=== Information provided ===
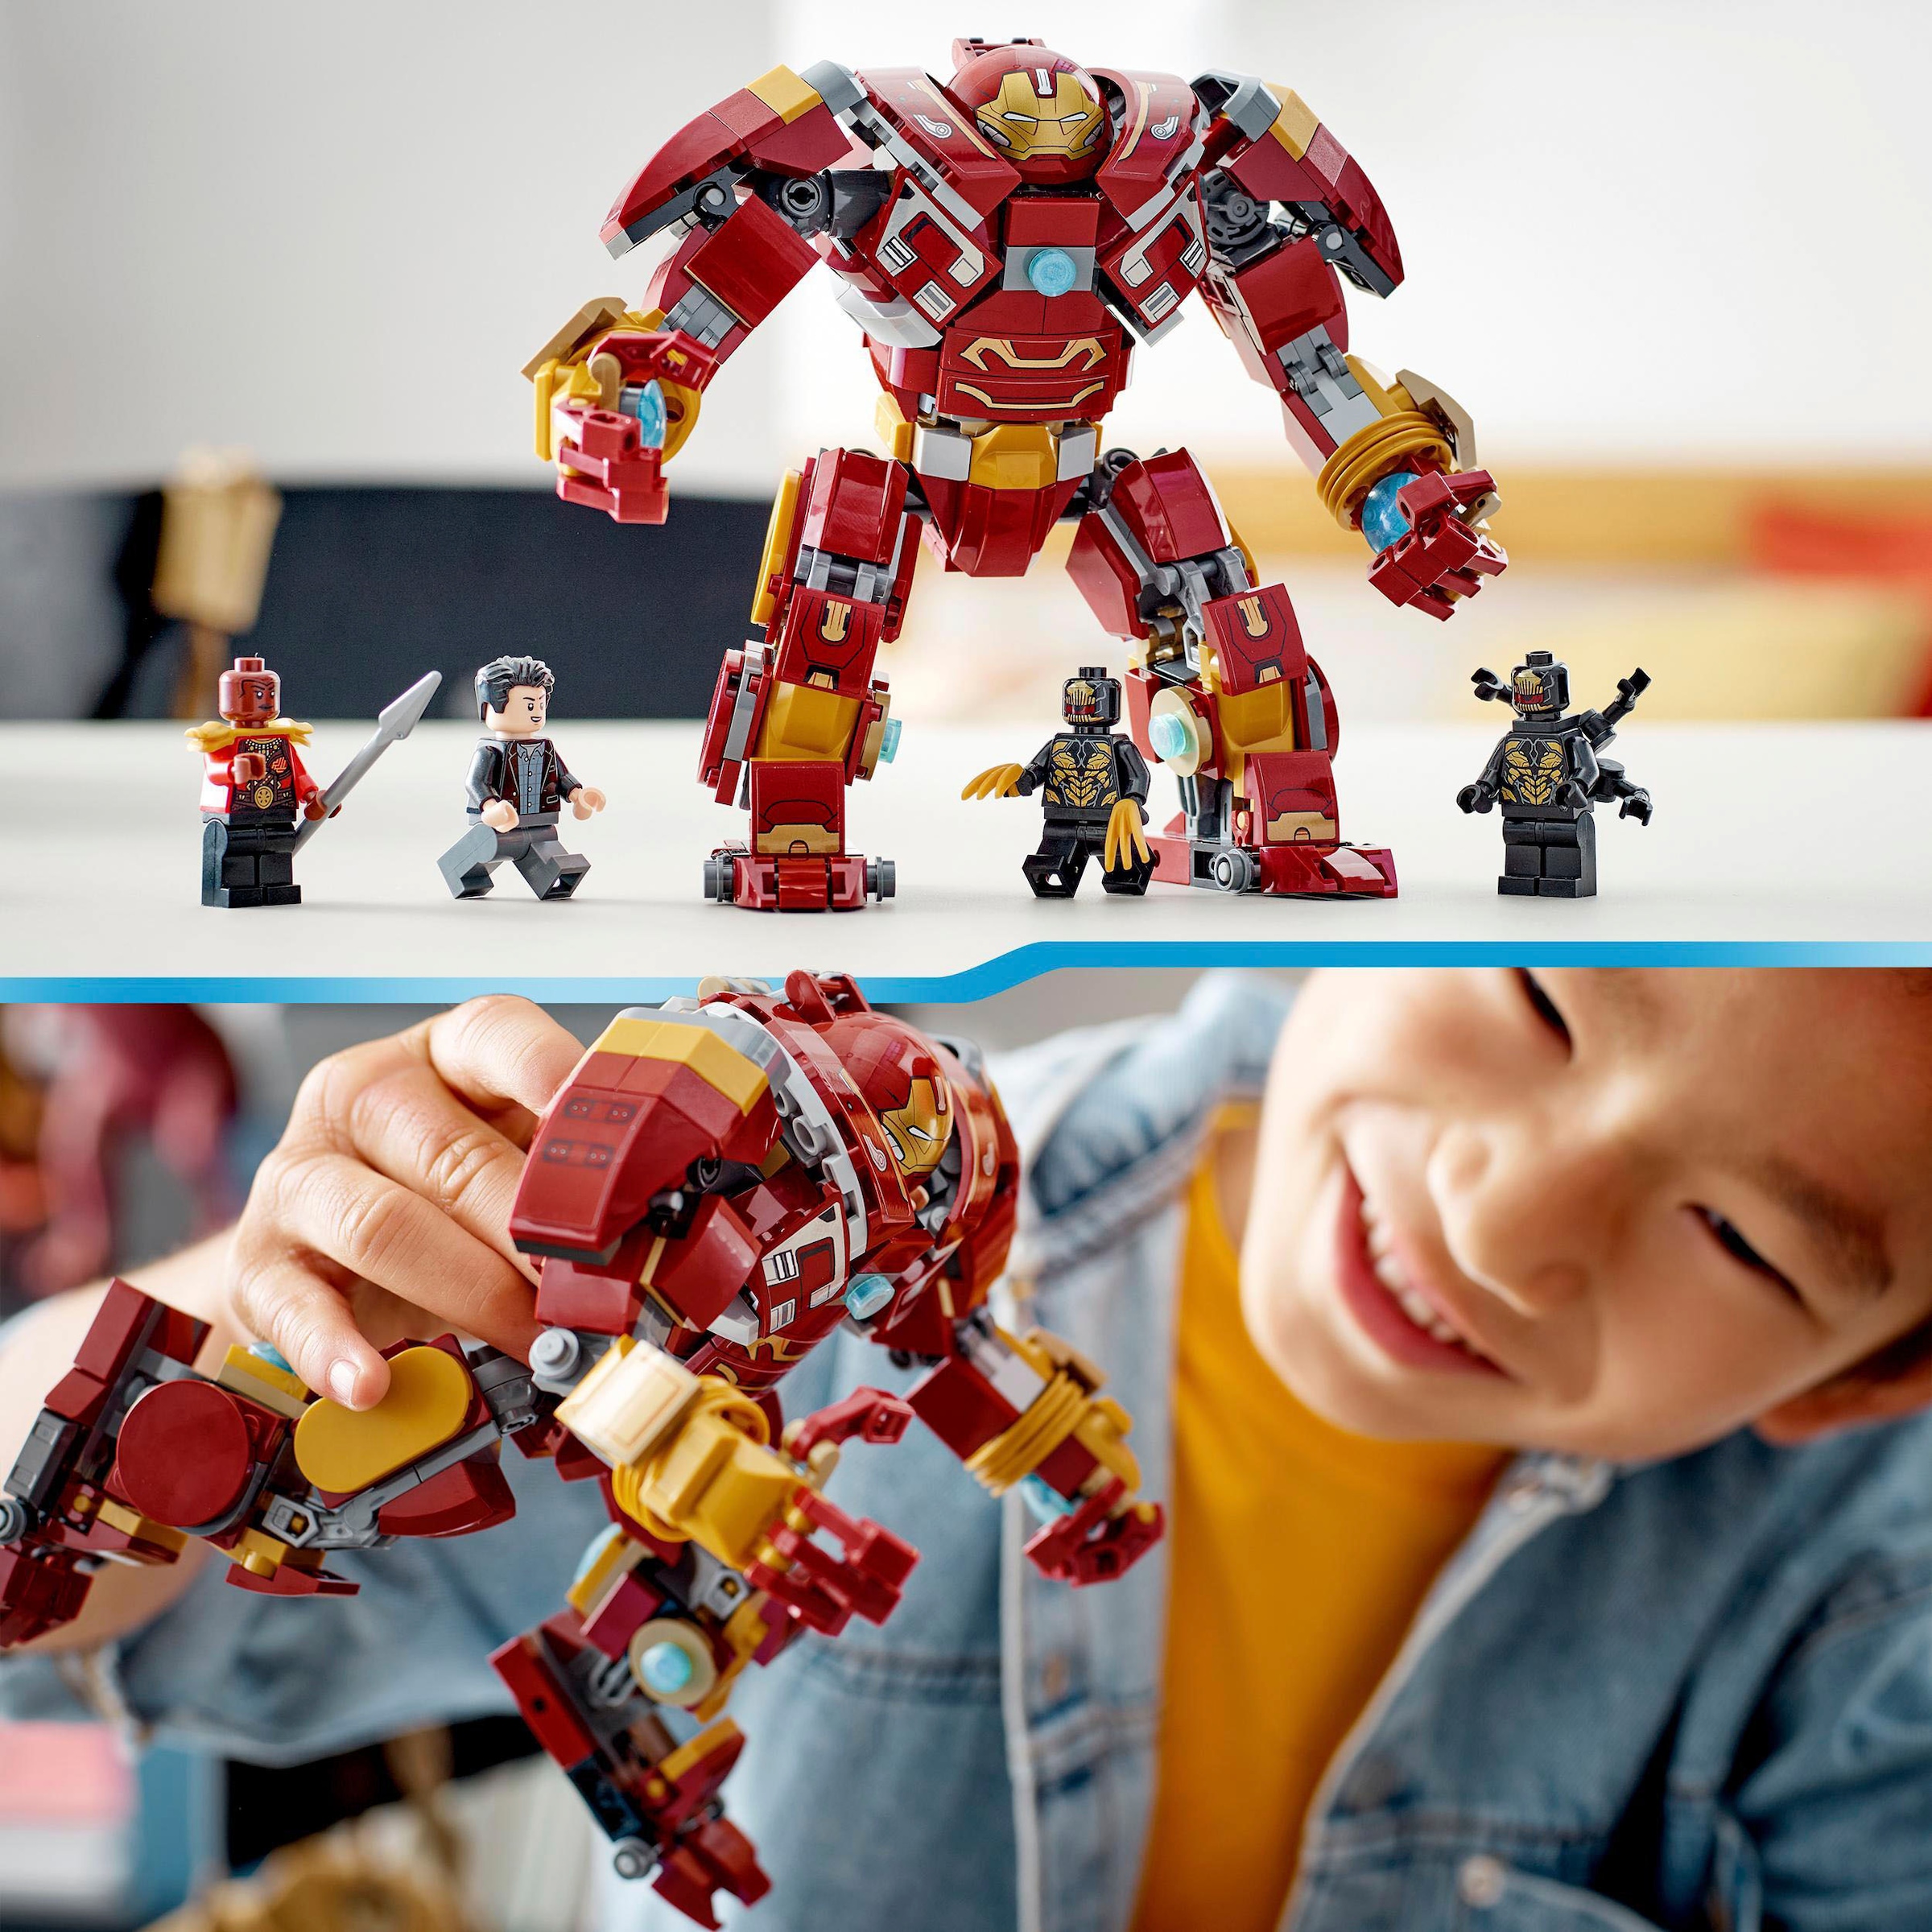 LEGO® Konstruktionsspielsteine »Hulkbuster: Der Kampf von Wakanda (76247), LEGO® Marvel«, (385 St.), Made in Europe
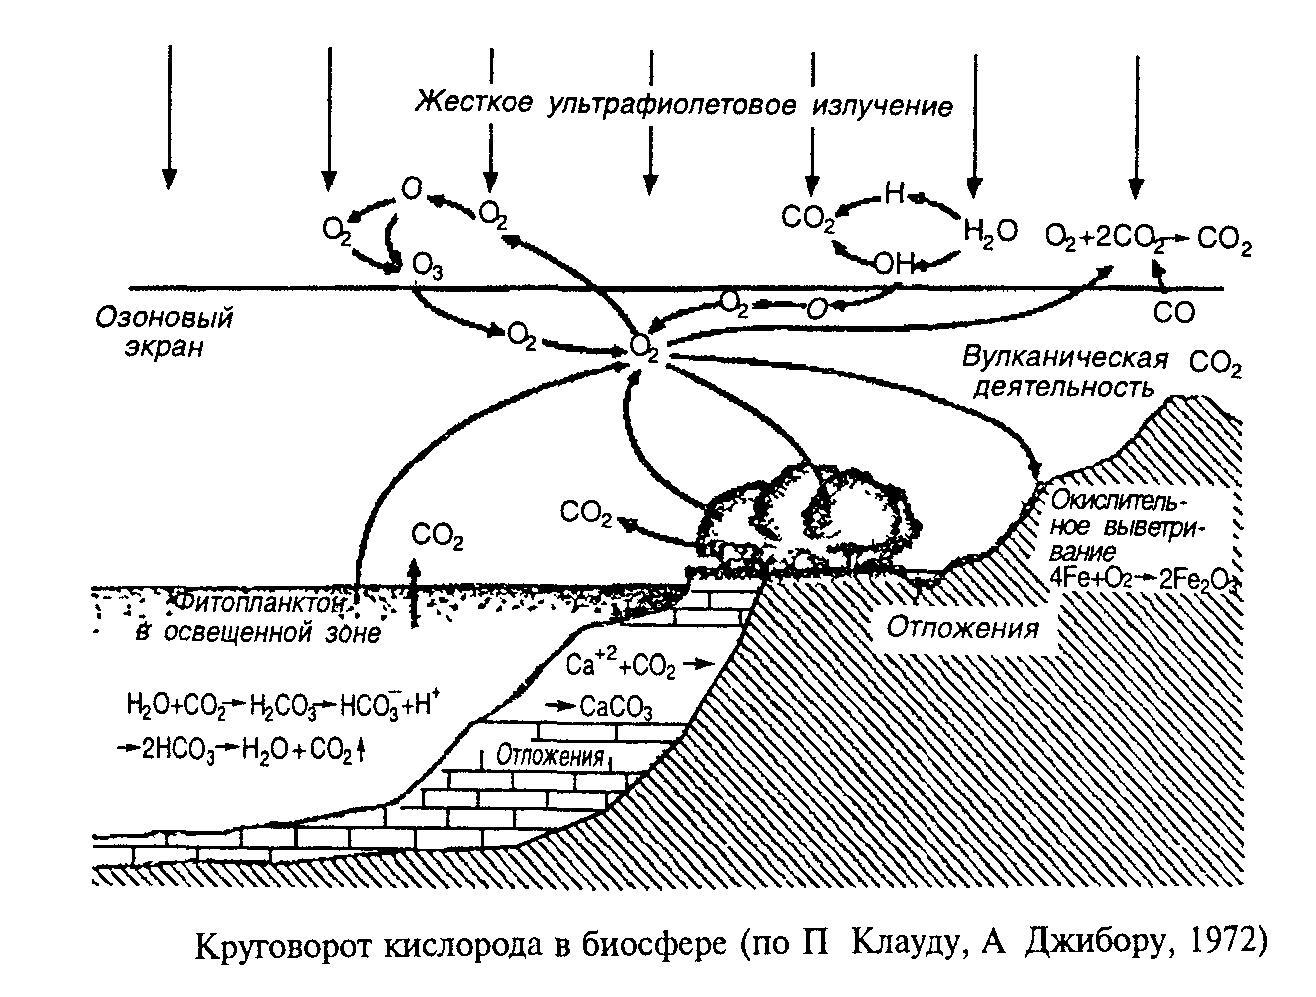 Круговорот кислорода процессы. Круговорот кислорода (по е. а. Криксунову и др., 1995). Схема круговорота кислорода в биосфере схема. Круговорот кислорода в биосфере схема. Биогеохимический цикл кислорода схема.
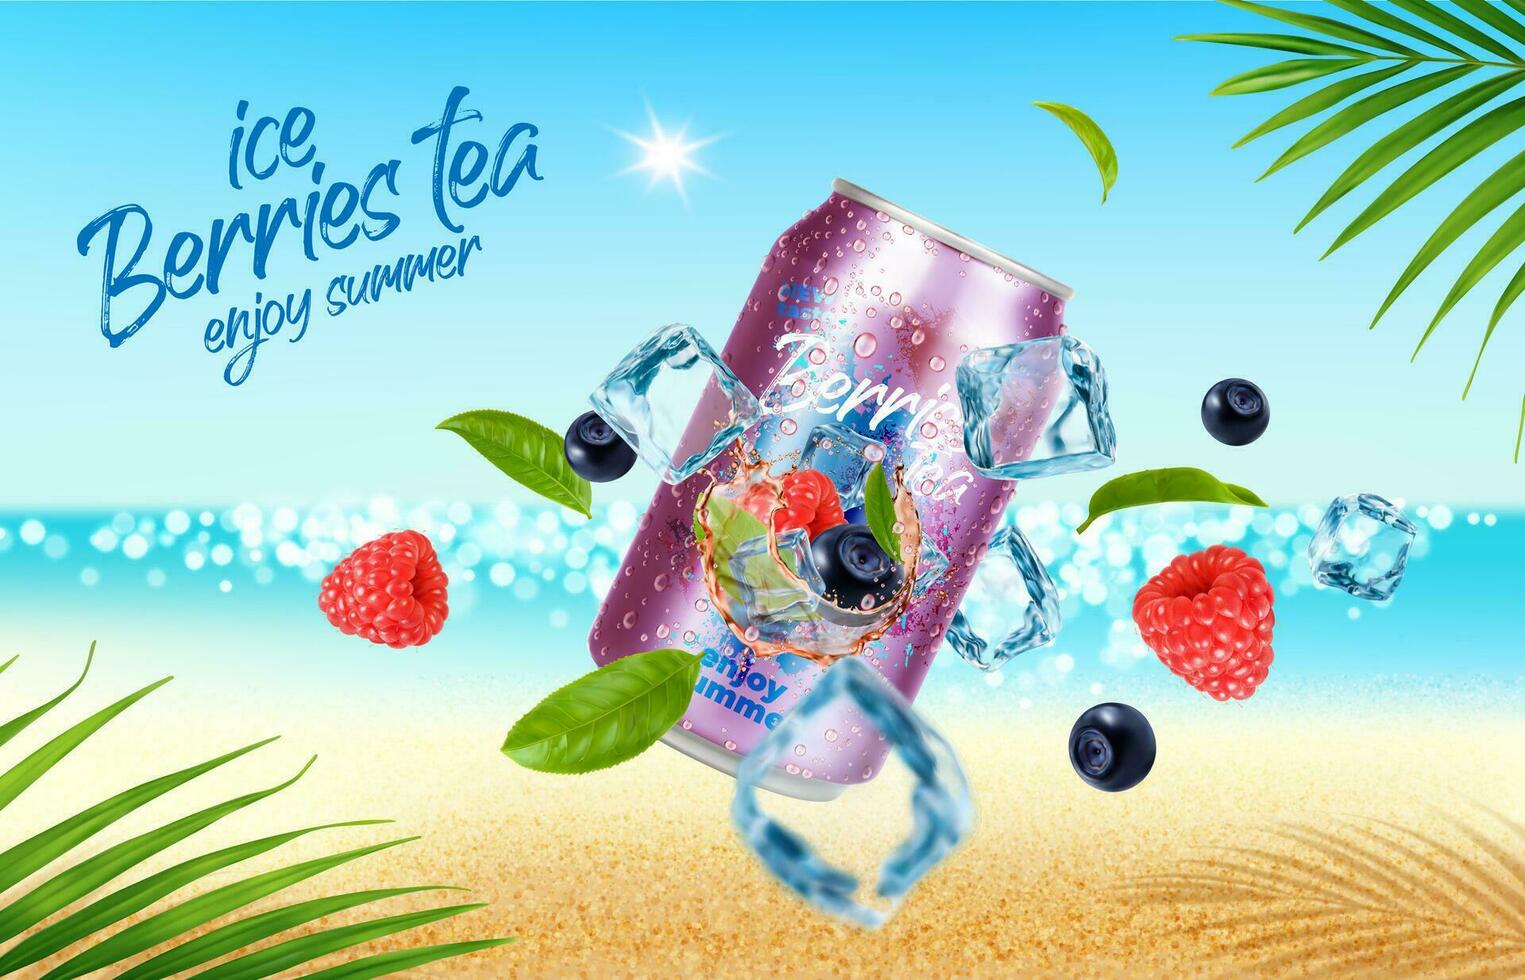 selvaggio frutti di bosco tè può e ghiaccio cubi su estate spiaggia vettore

=== How to complete this task ===
Please retype the lines from the one that contains "Круговорот кислорода процессы." through the final line of the data, both included, without any pictures.

=== Exercise response ===
 Круговорот кислорода процессы. Круговорот кислорода (по е. а. Криксунову и др., 1995). Схема круговорота кислорода в биосфере схема. Круговорот кислорода в биосфере схема. Биогеохимический цикл кислорода схема.
 selvaggio frutti di bosco tè può e ghiaccio cubi su estate spiaggia vettore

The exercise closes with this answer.